Durante muitas décadas, a história do período imperial brasileiro foi pensada a partir de duas temáticas essenciais: a revolução liberal como projeto inacabado e a escravidão. Resguardadas suas especificidades, as leituras tradicionais sobre as origens, as instituições e o percurso do Brasil independente, baseando-se em paradigmas do ideário liberal formulados no Oitocentos e (re)configurados à luz das interpretações posteriores, apontavam ao menos para três grandes assertivas: a conservação de uma incômoda herança colonial que impossibilitou o efetivo desenvolvimento de cidadãos; o profundo desarranjo das ideias e práticas políticas europeia e estadunidense aplicadas à dinâmica do liberalismo brasileiro, marcado pelo cativeiro de africanos; e, por último, porém não menos importante, a fase imperial do Brasil como momento desprovido de perfil próprio, sendo mera etapa entre a época colonial e a republicana de sua história.[3]

Ao propor uma análise da ascensão de políticos paulistas e mineiros no processo de formação do Estado nacional brasileiro entre 1823 a 1834, enfatizando-se a criação das esferas do poder provincial em São Paulo e Minas Gerais, bem como a projeção desses agentes no cenário político da Corte fluminense, Oliveira vincula-se a um conjunto maior de estudos renovados sobre a formação do Império do Brasil. Essas interpretações, inspiradas por questões contemporâneas e pelas crescentes análises desenvolvidas nos programas de pós-graduação das universidades brasileiras a partir da segunda metade do século XX, vêm repensando a supremacia do “econômico” sobre as práticas e o imaginário dos agentes históricos, fazendo cair por terra conclusões que sublinham o suposto “atraso” da sociedade brasileira em relação à modernidade, sua intangibilidade e inconsistência no século XIX, como também a incompatibilidade entre liberalismo e a lógica escravista.[4]

Desse modo, unindo-se ao rol de análises que revalorizaram os estudos políticos em uma ampla variedade de temas, da cultura política ao constitucionalismo, da formação dos espaços públicos e formas de sociabilidades às identidades e às transformações das mentalidades dos agentes que experienciaram as rupturas entre os séculos XVIII e XIX, [5] o autor coloca em outra ordem de importância o papel da cultura e das iniciativas dos indivíduos, especialmente de paulistas e mineiros, na formação da sociedade brasileira e consolidação do projeto liberal moderado. Baseando-se em repertório amplo de fontes variadas, como documentos oficiais e periódicos, assim como em uma bibliografia abrangente e atualizada, Oliveira joga luz sobre o arranjo de relações que envolveram instituições e homens, marcando a consolidação da província como novo lócus de poder.

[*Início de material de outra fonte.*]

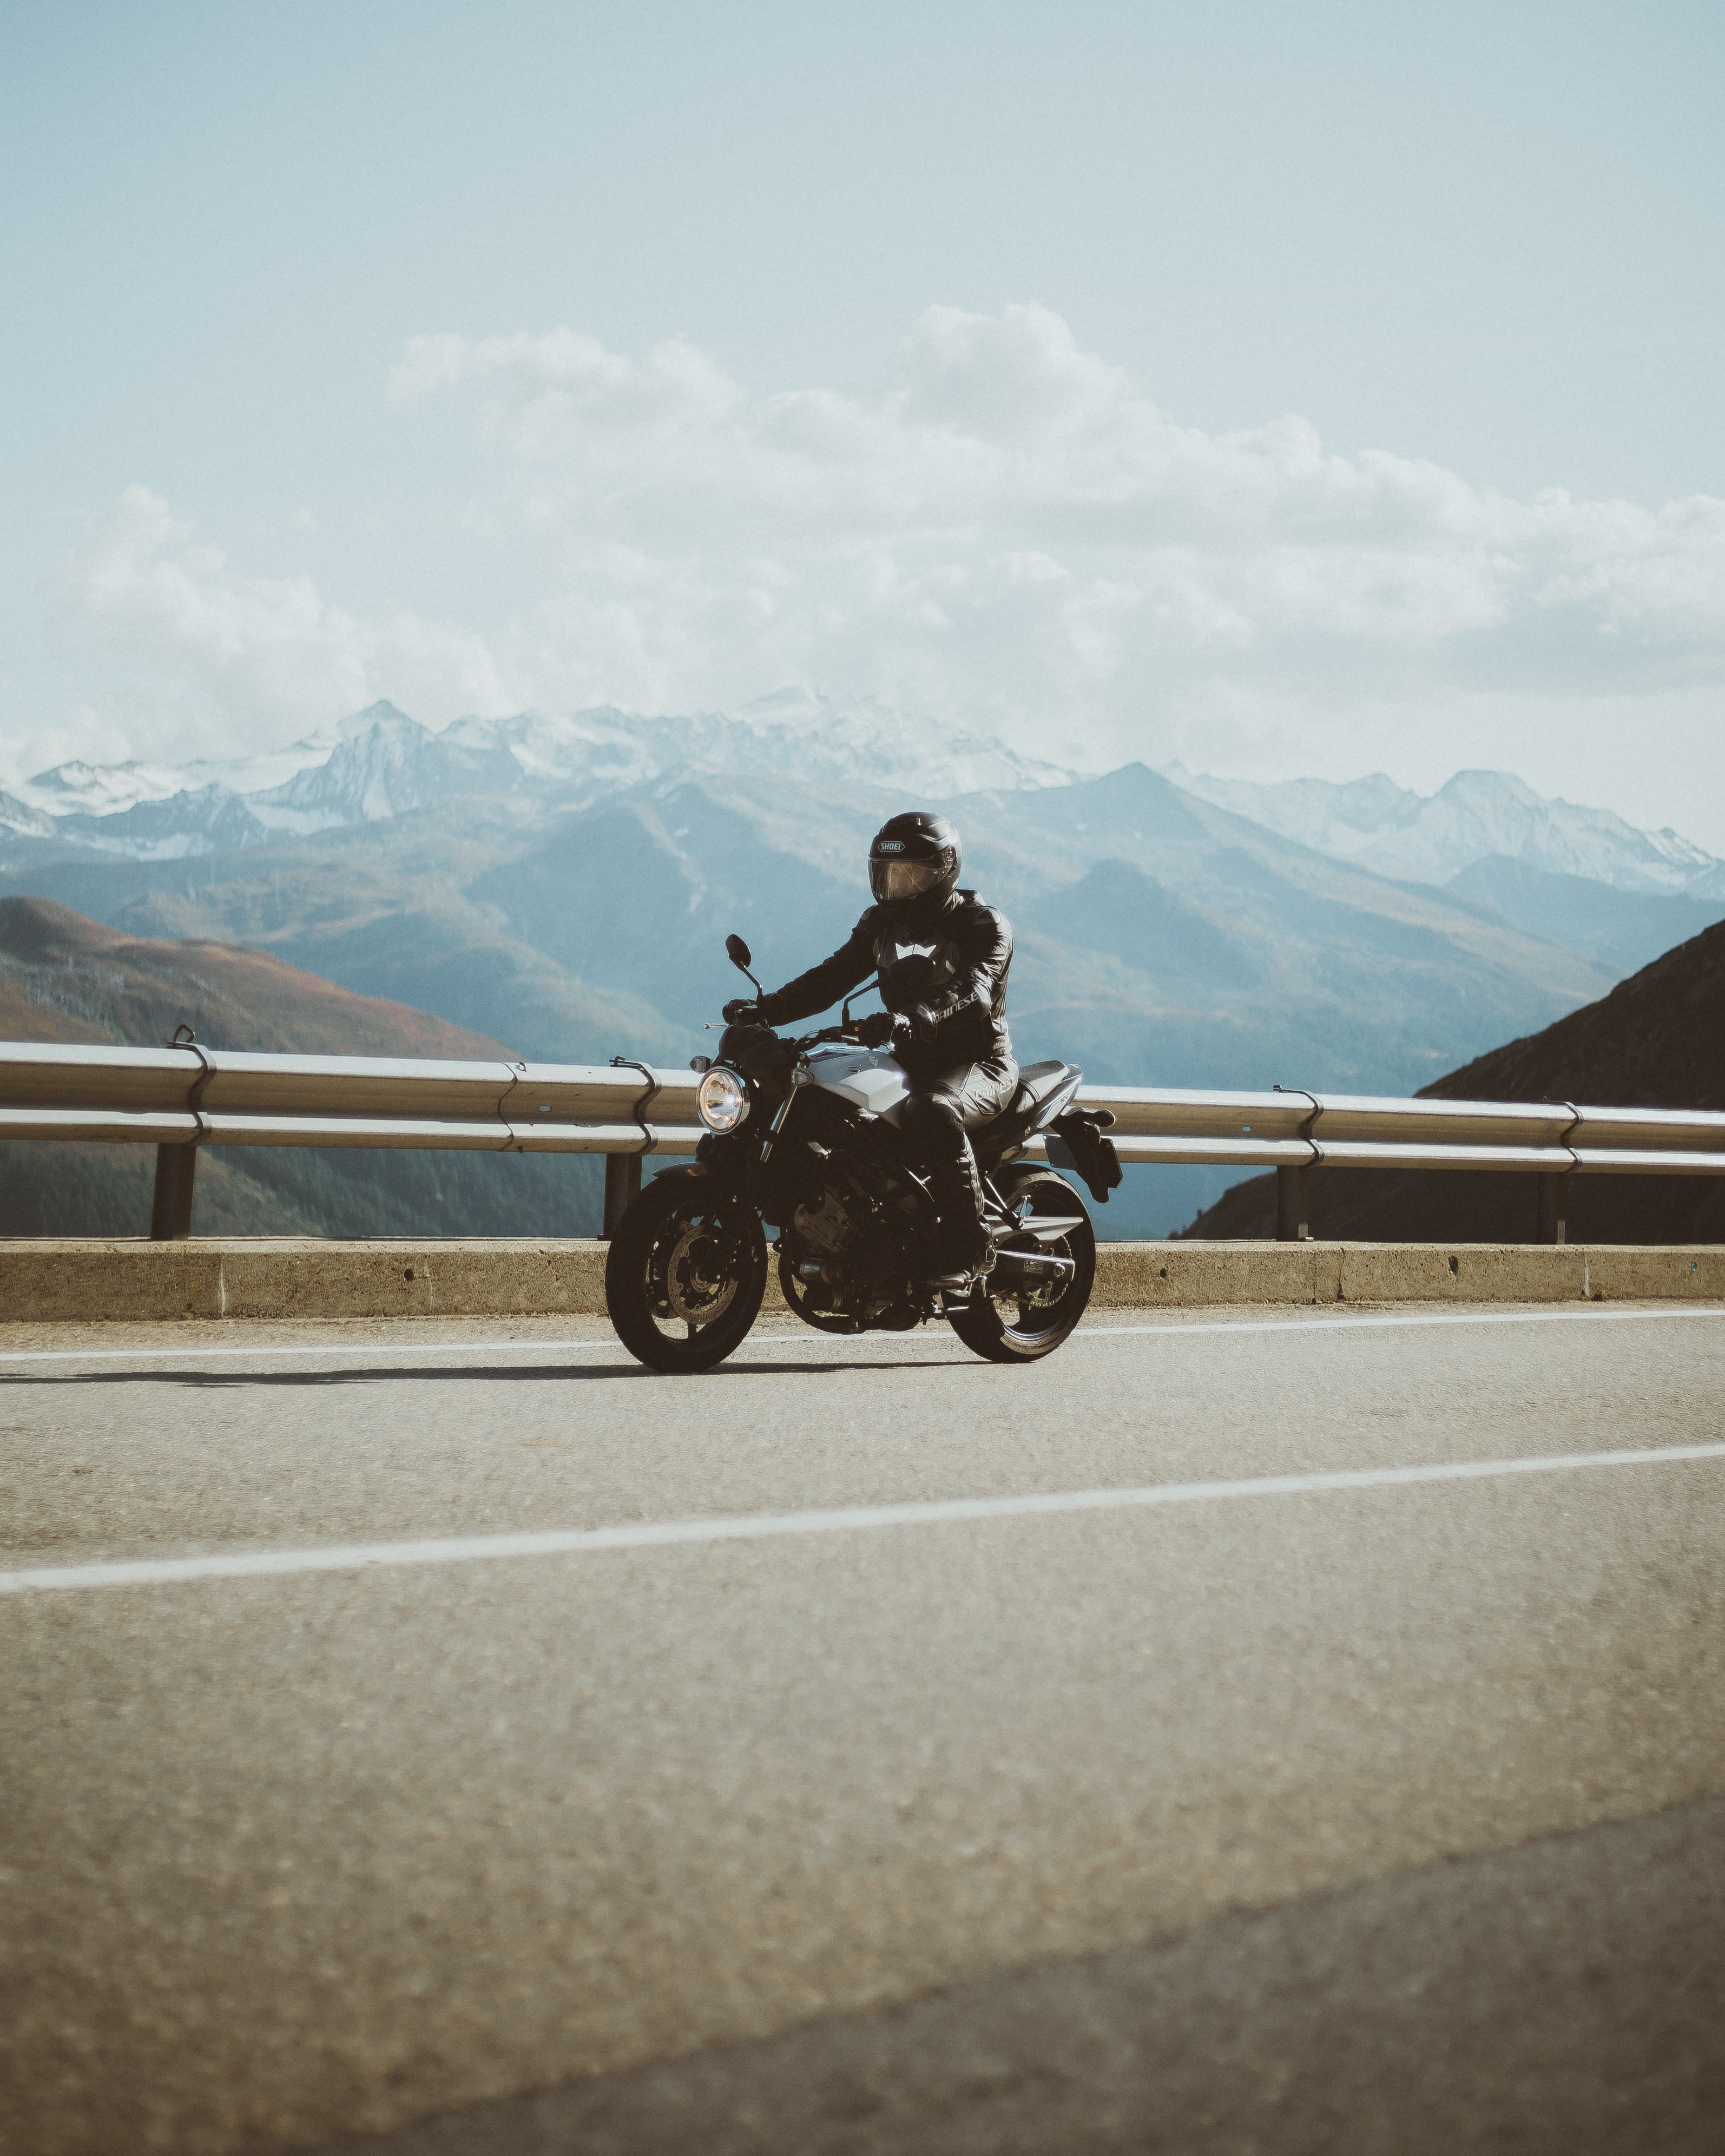 Popular Motorcyclist background images

No primeiro capítulo, Oliveira explora os vínculos entre política e economia nas províncias de São Paulo e Minas Gerais nos primeiros anos do Império, chamando a atenção para os grupos e sua incorporação no processo de construção da nova ordem monárquica-constitucional com sede no Rio de Janeiro. Esse processo, de um lado, assumiu lugar primordial ao assegurar a integridade do novo Estado e, de outro, permitiu a esses mesmos círculos a conquista de participação política na Corte. Problematizando a tese decadentista (segundo a qual as dinâmicas das duas províncias estagnou após o declínio da produção aurífera mineira), o autor defende que, mais do que redutos de nomes consagrados no processo de Independência, São Paulo e Ouro Preto foram importantes arenas de disputa e articulação política em que parcelas socioeconômicas plurais, vindas de variadas partes das províncias, batalhavam pelo poder.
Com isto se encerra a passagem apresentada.